Our results showed an association between insulin resistance and exogenous treatment with insulin. It is reasonable that resistant patients would need higher doses of insulin for metabolic control, and this would require exogenous intake of the hormone.
Each patient's eyes were analysed separately because the presence and type of macular oedema was different between eyes in some cases.
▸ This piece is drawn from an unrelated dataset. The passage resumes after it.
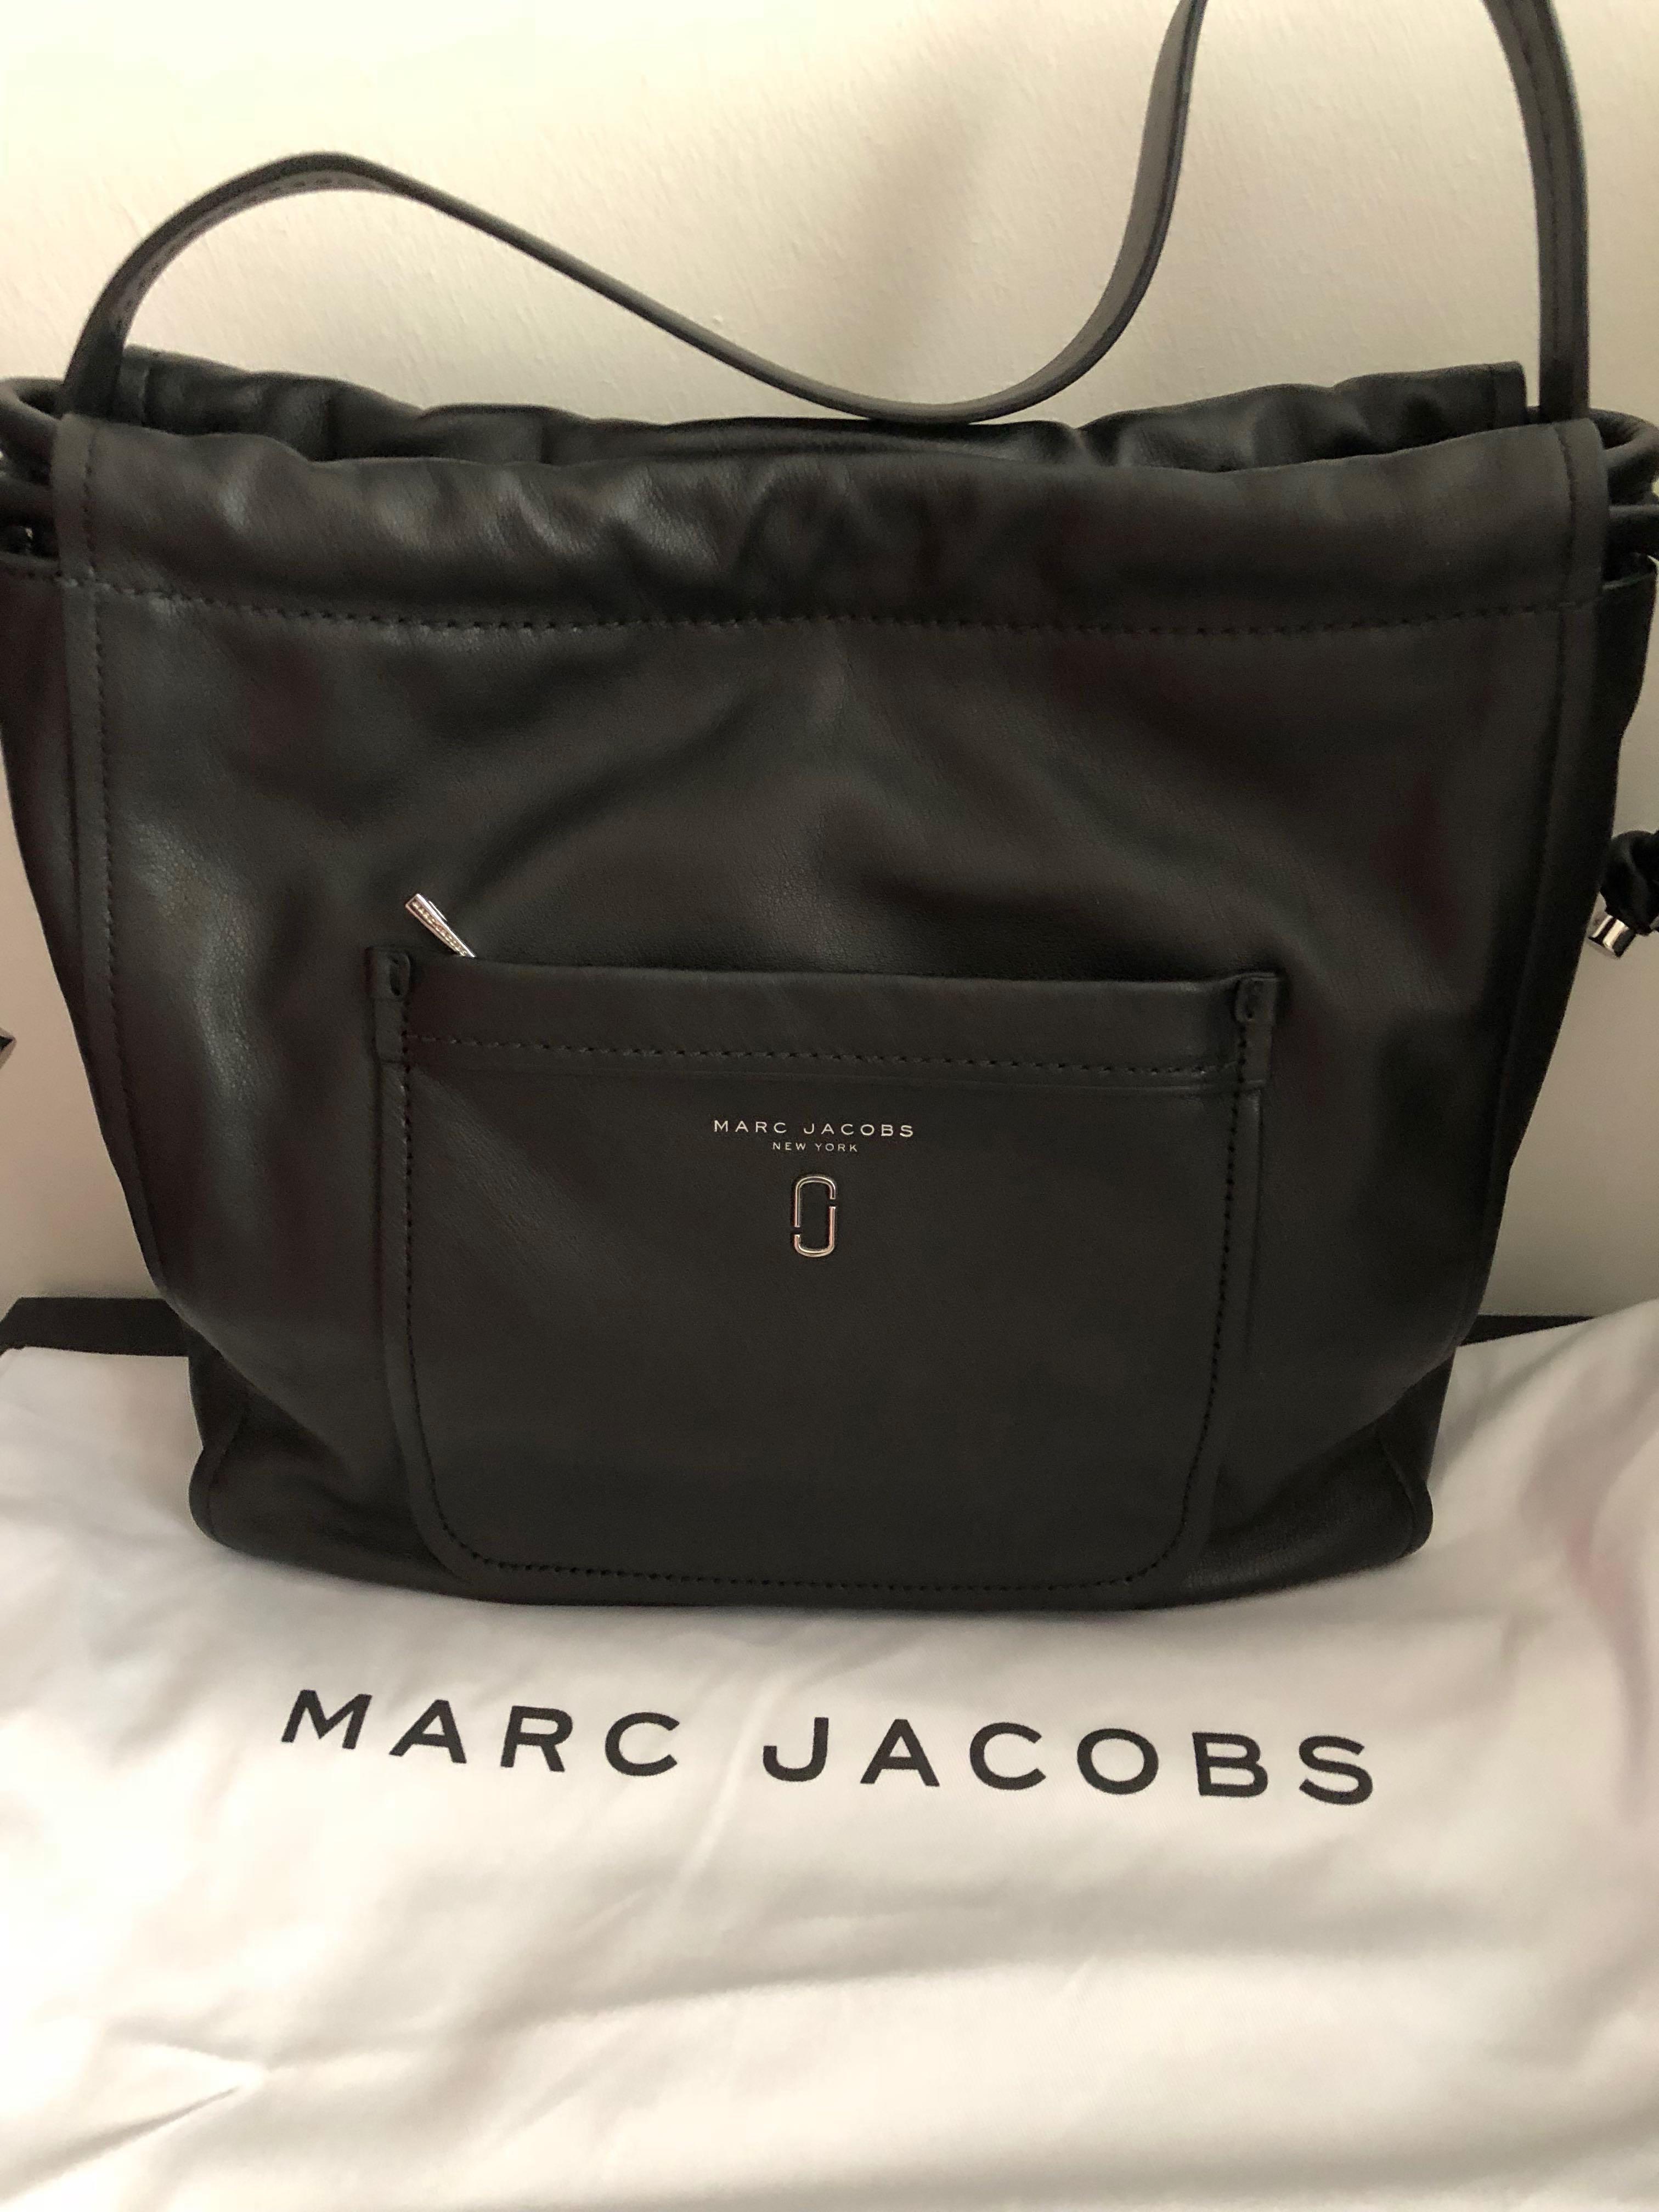 Marc Jacobs Handbag (100%Authentic) 5371973b49e38
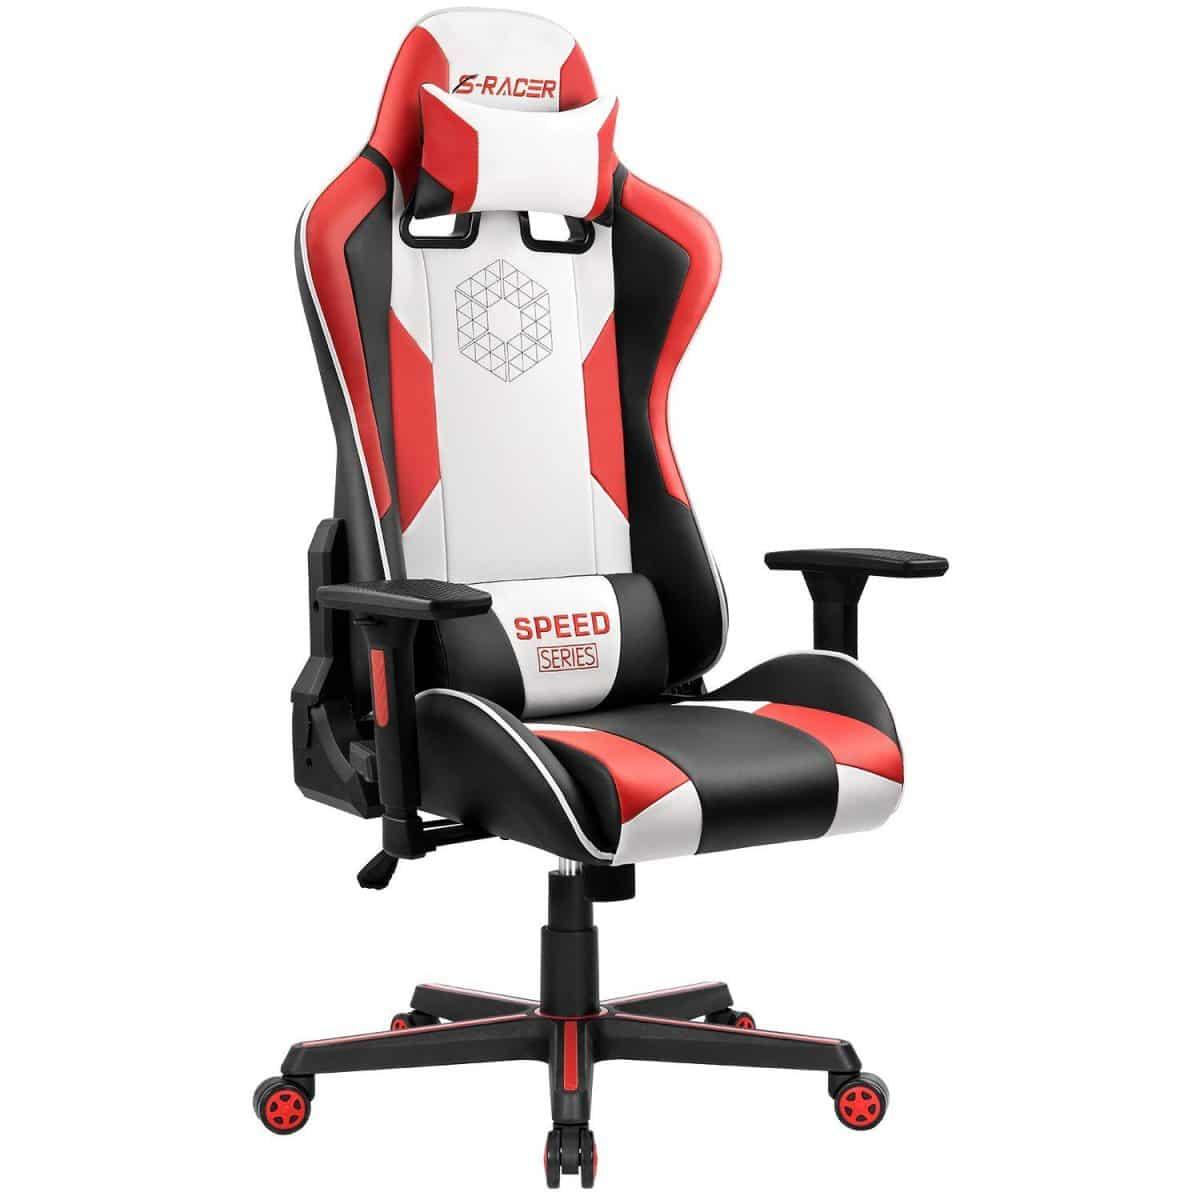 Pleasant Best Cheap Gaming Chairs 2019 Under 100 200 Budgetreport Ibusinesslaw Wood Chair Design Ideas Ibusinesslaworg

The main finding of our study is the differing morphological pattern of macular oedema related to insulin resistance and, of course, the association between cystoid macular oedema and insulin resistance. As mentioned earlier, insulin resistance is a proinflammatory state, and the pattern of oedema found in these patients is very similar to the pattern seen in inflammatory diseases such as Irvine–Gass syndrome and uveitis.12 In fact, the pathogenesis of cystoid oedema includes both vasoreactivity and chronic inflammation,13 which we believe may be a result of the patient's insulin-resistant status. In other diseases such as vein occlusion, which are primarily considered vascular events, it has been reported that an inflammatory factor and clinical cystoid macular oedema are often present.14
To define whether the association we found was only related to resistance or was also due to insulin treatment, we investigated the relationship between insulin and macular oedema. The fact that a patient is receiving insulin therapy seems to have no relationship with cystoid macular oedema. However, there was an association with a pattern of diffuse retinal thickening, perhaps a result of the vasoreactive effect of insulin.6 7
The potential limitations of our study arise from the design and inclusion criteria. This is a cross-sectional clinic- and hospital-based population study with a broad range of inclusion criteria, a simple ‘photograph’ of our patients that involves no treatment interventions. Therefore, there is the possibility of some bias, such as ongoing treatment for macular oedema in the 3 months before inclusion, or OCT reading by only one observer. Nonetheless, we believe that our cohort provides a close representation of daily practice, with patients consulting at our specialised retinal outpatient clinic and our general ophthalmology department, which implies that patients with and without diagnosed diabetic retinopathy were included. This is also the reason why there are many more patients in the group without oedema than in the group with diabetic macular oedema.
The sample size was difficult to determine. We knew the prevalence of cystoid macular oedema in the diabetic population, but we did not know the prevalence of insulin-resistant patients with macular oedema or with diabetes. Our sample size reflects the percentage of resistance in the population, but the number of participants was not determined according to the purpose of the study because there was not enough data in the literature to provide a basis for the calculation.
Despite these potential limitations, our results indicate that insulin resistance plays a central role in the pathogenesis of macular oedema, particularly in the cystoid pattern. Future longitudinal studies, with more accurate inclusion criteria and other methods to evaluate resistance are needed to confirm our findings. It could be of great interest to investigate the association between insulin resistance and local factors of inflammation.
In summary, the findings of this study indicate a relationship between insulin resistance and cystoid macular oedema that is not related to the use of insulin. Insulin treatment was associated with diffuse macular oedema. Prospective, longitudinal studies are needed to evaluate the role of insulin and insulin resistance in diabetic macular oedema.
Competing interests None.
Patient consent Obtained.
Ethics approval This study was conducted with the approval of the institutional review board.
Provenance and peer review Not commissioned; externally peer reviewed.